5. Longer-Term Policy Note

The four-vote primary structure inflates slate power and forces defensive bullet-voting. After this election, members may wish to discuss fairer alternatives (single-vote primary, ranked-choice tally, or skipping a primary when only two seats are open).


Appendix A – “Why Bullet Voting Works” (for the math-curious)

(Skip this section if you’re happy with the plain-language guide above.)

Example Setup
100 voters. Your favorite has 30 loyal supporters. The other five candidates share the other 70 voters.

Outcome if every supporter uses all 4 votes
Each of those 70 voters marks four names, flooding the totals. Your favorite ends up last by ~40 votes.

Outcome if supporters bullet-vote only their favorite
Those same 30 supporters cast just one mark each. Every rival now gets about 15–25 fewer votes. Your favorite still has 30, but the gap shrinks by nearly 50 %—sometimes enough to slip into 4th place.

Why it can’t backfire
Giving a rival an extra mark always raises their total by +1 while your favorite stays the same. Withholding keeps the numbers where they are. So bullet voting can only help or leave things unchanged—it can’t hurt.
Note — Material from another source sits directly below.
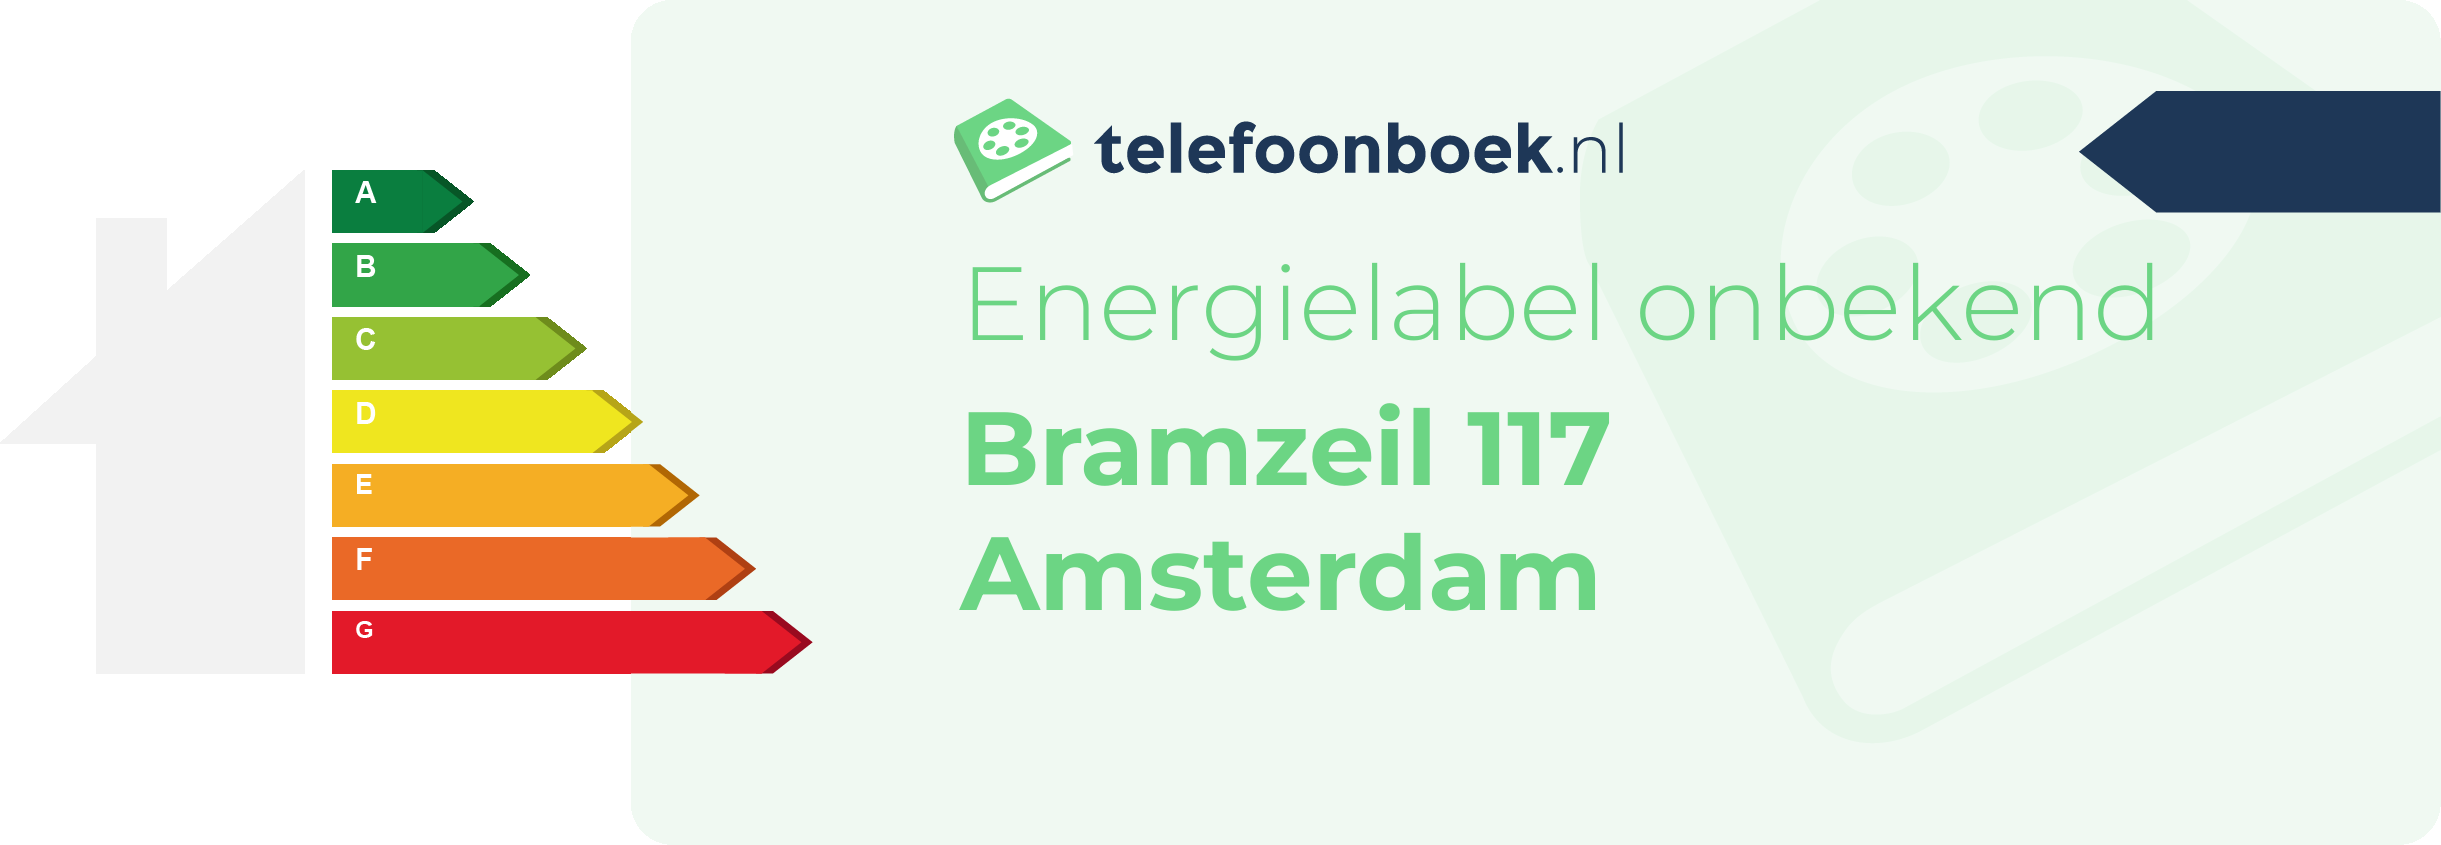 Energielabel Bramzeil 117 Amsterdam

Share this guide with neighbors who plan to vote. The simpler everyone understands the rules, the fairer the outcome will be.


Add-On: Direct Confirmation From POA Leadership

To remove any lingering doubt about bullet-voting, listen to the POA’s own words in the July 2025 Board meeting recording (log in → POA → Meetings → Videos → July 2025 Board Meeting).
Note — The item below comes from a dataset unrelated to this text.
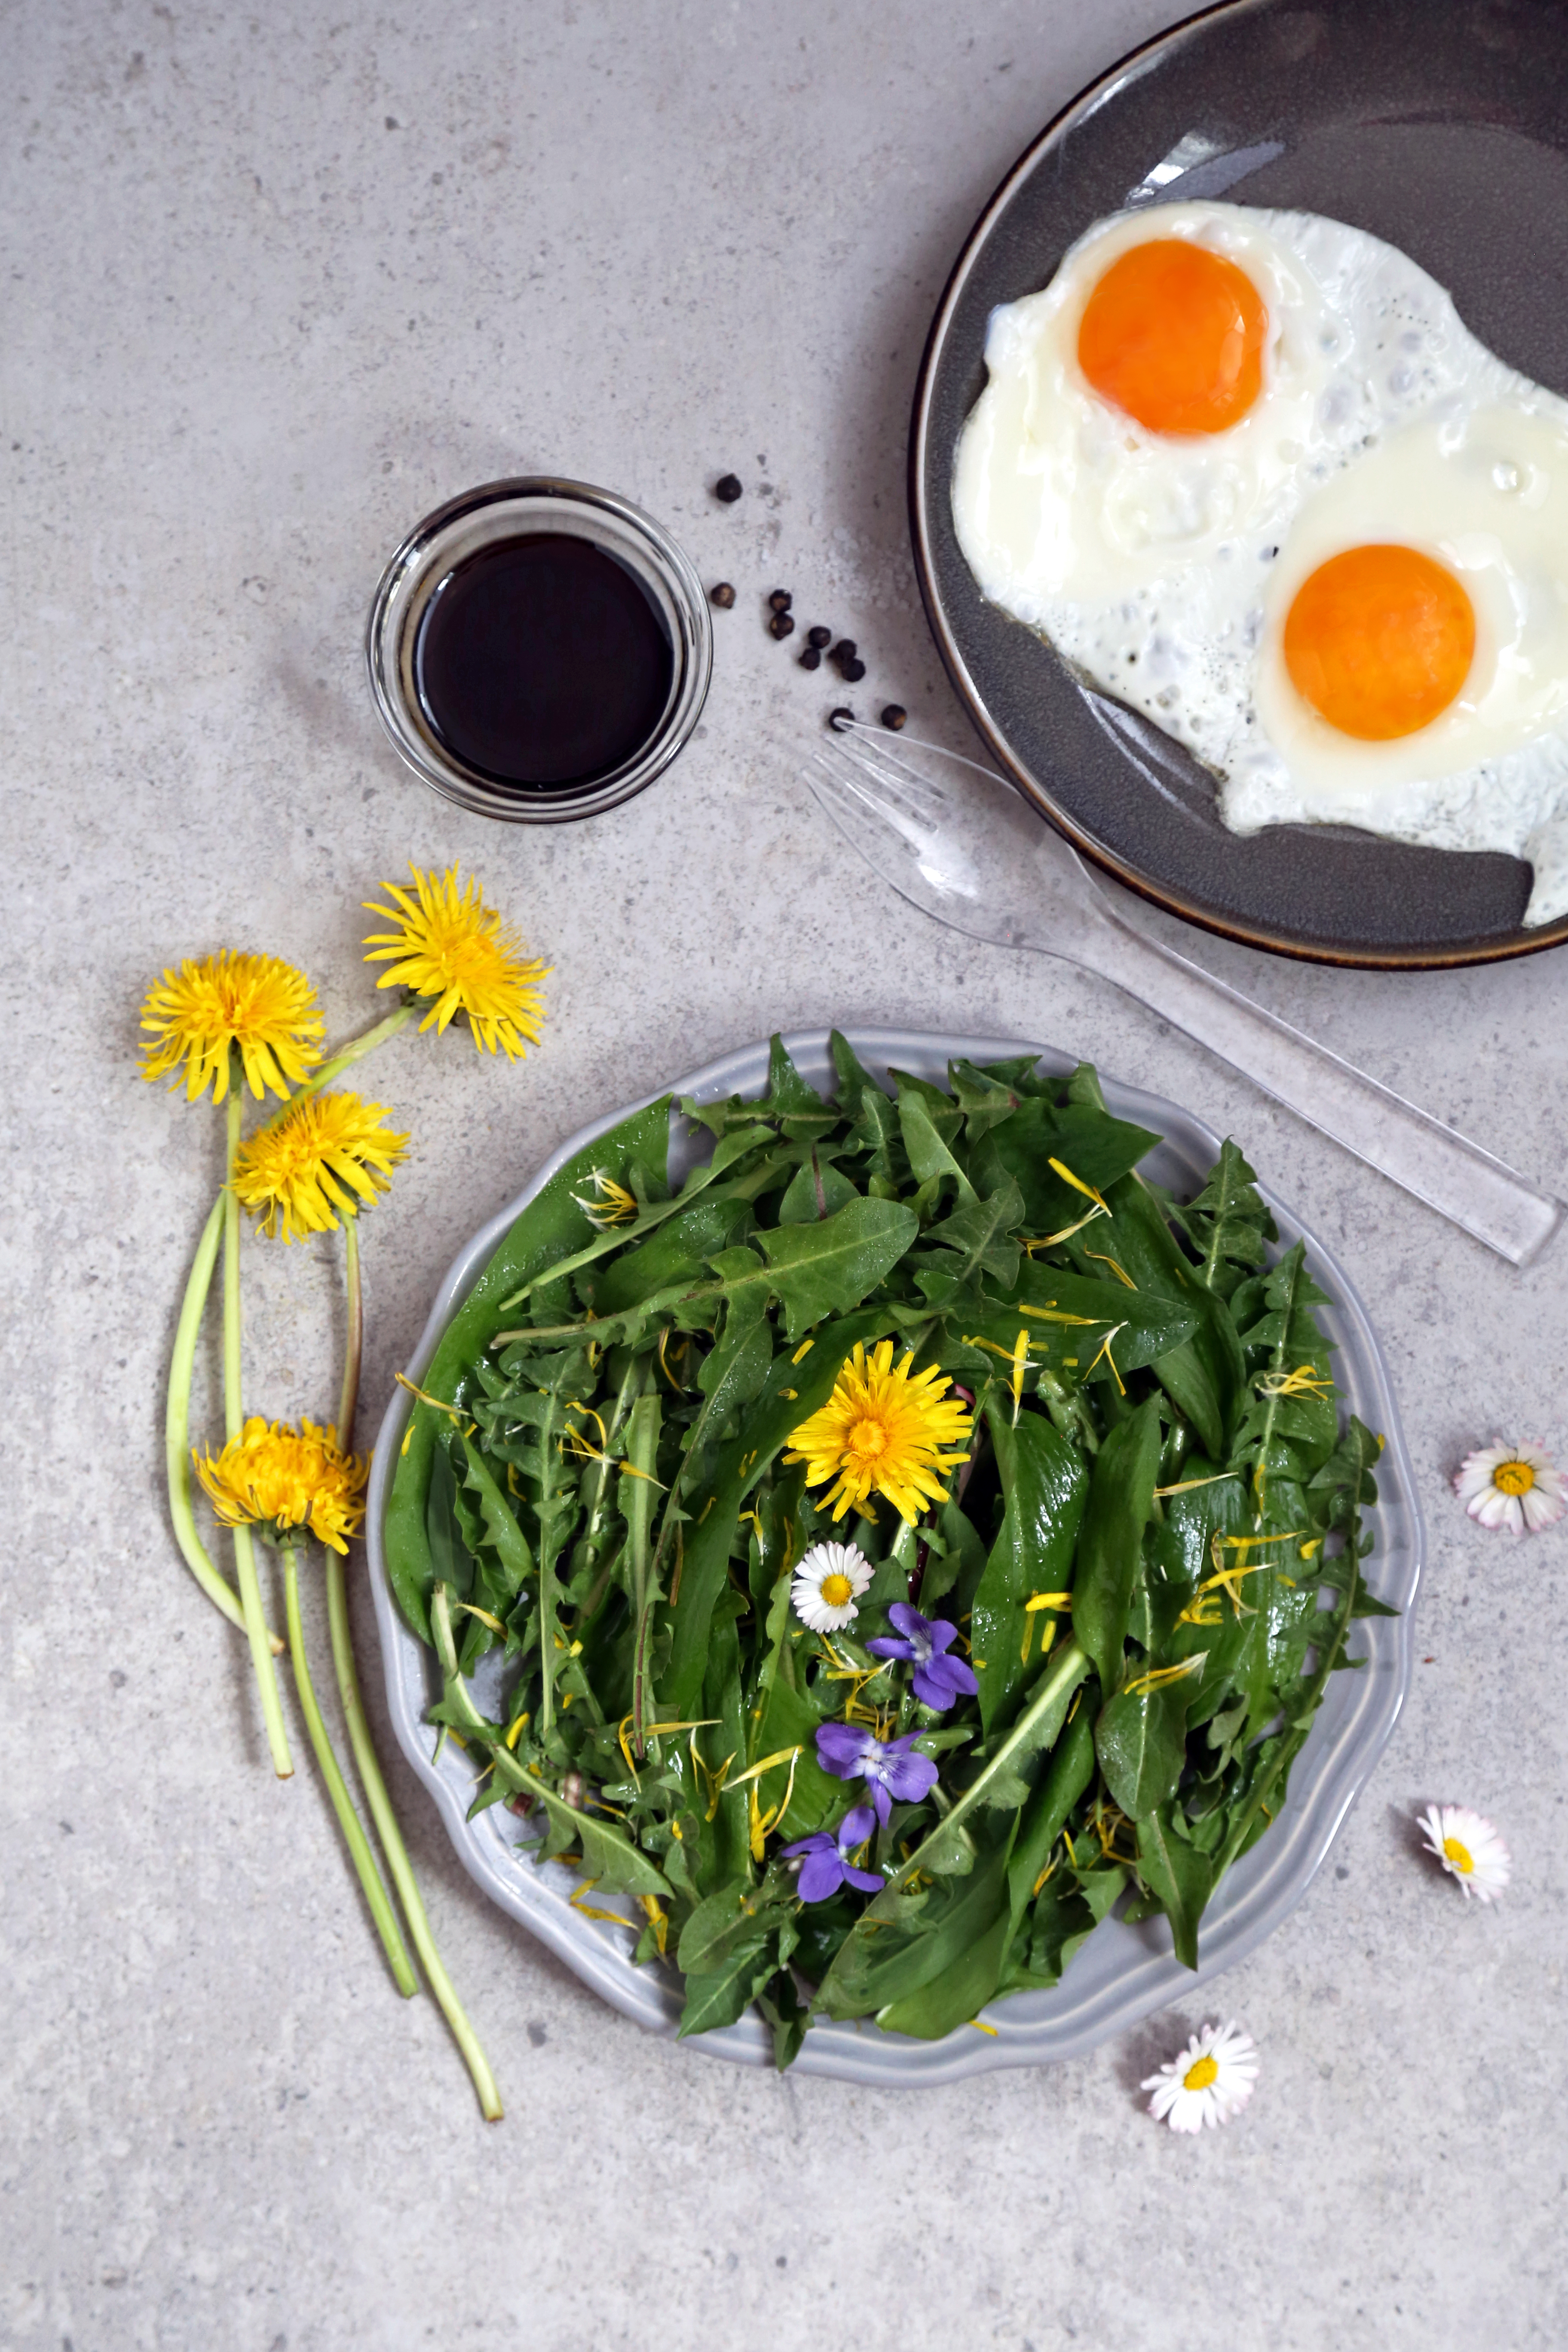 Salade de pissenlit et ail des ours - le printemps dans votre assiette - delimoon.com

At the 51:48 mark, President Terry Stewart states:

“Up to four. You don’t have to vote for four.”

At 51:51, Board member Mark Green affirms:

“That is correct. Up to four.”

And at 51:53, Stewart reiterates:

“Up to four. No more than four.”

Translation: the rules explicitly let you cast fewer than four marks. Every extra check you add beyond the one or two names you truly support dilutes your own impact—exactly what slate organizers hope you’ll do.

Vote smart this primary. Cast only the votes that count for you—no more, no less.